Und noch einmal werde ich berichten von der Göttin Sulis Minerva, der Herrin der heilenden Quellen in Bath im Südwesten Englands.

Zu Zeiten der Kelten wurden heiße Quellen im regnerischen Südwesten Britanniens entdeckt. Auf ein göttliches Wunder mußte die Wärme und das reine Wasser zurückgehen. Die Göttin Sul, so die Erkenntnis der Kelten, hatte ihre Gebete erhört und das warme Wasser aus der Erde sprudeln lassen. Gefaßt wurde die Quelle und der Göttin Sul geweiht. Gehuldigt hat man ihr der großen Göttin. Besonders als man herausfand, daß dieses Wasser Heilkräfte hatte. Rheuma hat es gelindert und Erkältungen, bei Arthritis und gebrochenen Gliedern die Heilung beschleunigt. Auch bei Magenschmerzen war das Wasser heilungsfördernd. Geschenke hat man niedergelegt. Armreifen und Metallplättchen und schön geformte Steine und Tonfiguren.

Und die Göttin war den Menschen in dem Tal am Fluß Avon treu. Ackerbau und Viehzucht war die Grundlage des Lebens der Bewohner im Avontal. Das war in den ganzen Cotswolds so. Denn der Name Cotswolds wird heute mit Schafsweide übersetzt.

Die Provinz Britannien wurde gegründet und die römischen Legionen gründeten ihre Siedlungen und führten das römische Kulturgut ein. Man kann es sich vorstellen, die Freude der Römer über die warme Quelle in dem fremden, so viel kühleren und feuchteren Land. Der römische Lebensstil fand hier schnell eine Fortsetzung. Der goldfarbene Sandstein ließ sich gut behauen und die warme Quelle wurde gefaßt. Ein großes rundes Becken nahm das warme Wasser auf und bald waren die nötigen Wasserleitungen nach römischer Tradition verlegt.
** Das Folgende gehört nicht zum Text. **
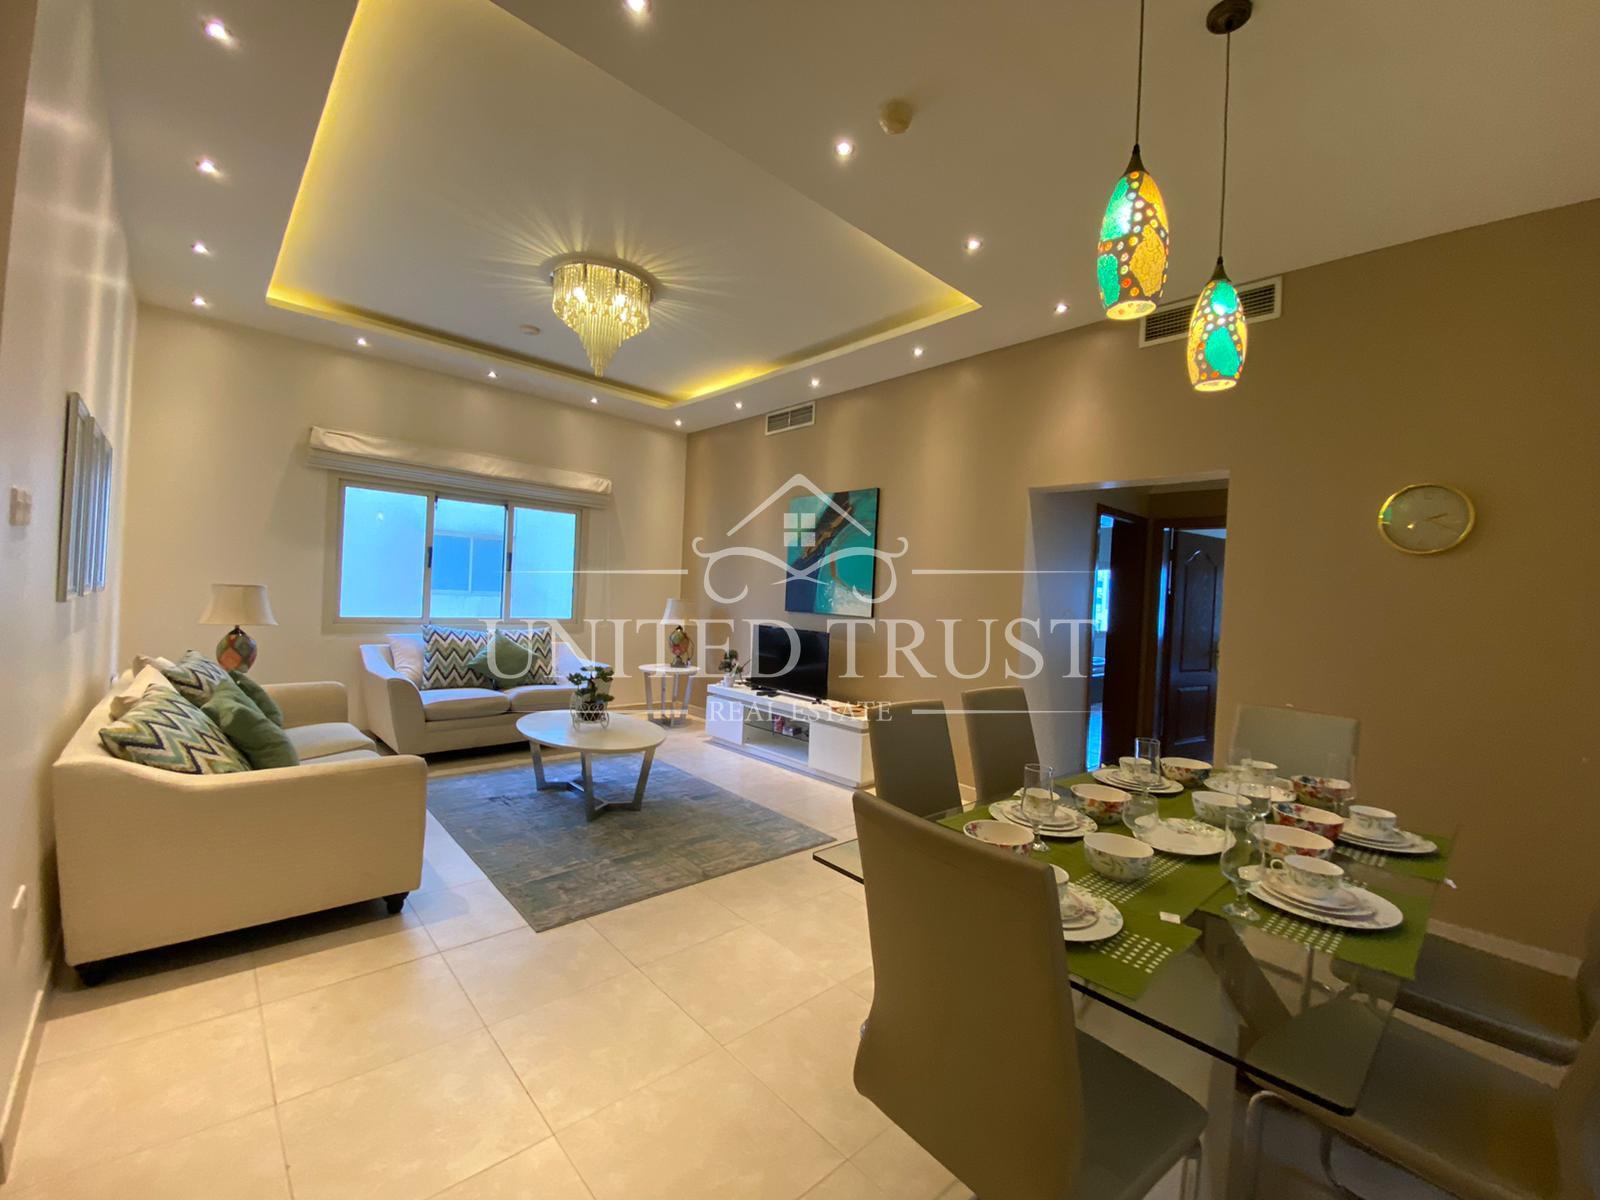 For Rent modern specious flat in Juffair Ref: JUF-MF-035
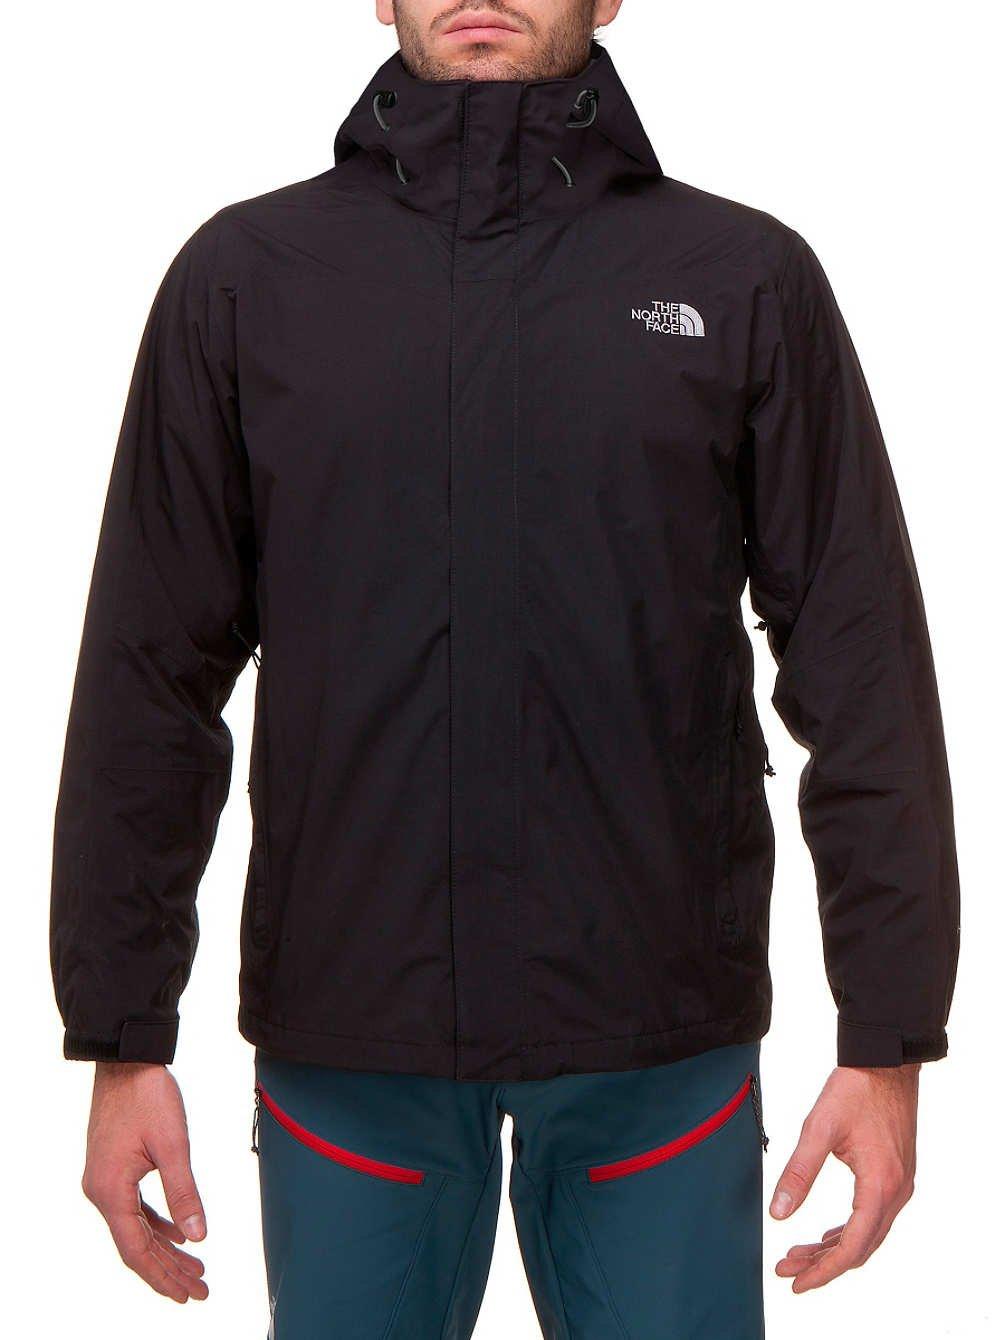 6957ee91ec The North Face Men's Evolve TriClimate Jacket (XXXL, TNF Black)

Die Badehäuser des römischen Reiches waren zahlreich und groß. Baden gehörte auch für die armen Bevölkerungsschichten zur wöchentlichen Traditon. Baden war mehr als nur Reinigen: ein gesellschaftliches und soziales Ereignis, das wohl primär den Körper reinigen sollte aber sekundär der Entspannung und dem gesellschaftlichen Austausche diente. Und der wurde immer wichtiger.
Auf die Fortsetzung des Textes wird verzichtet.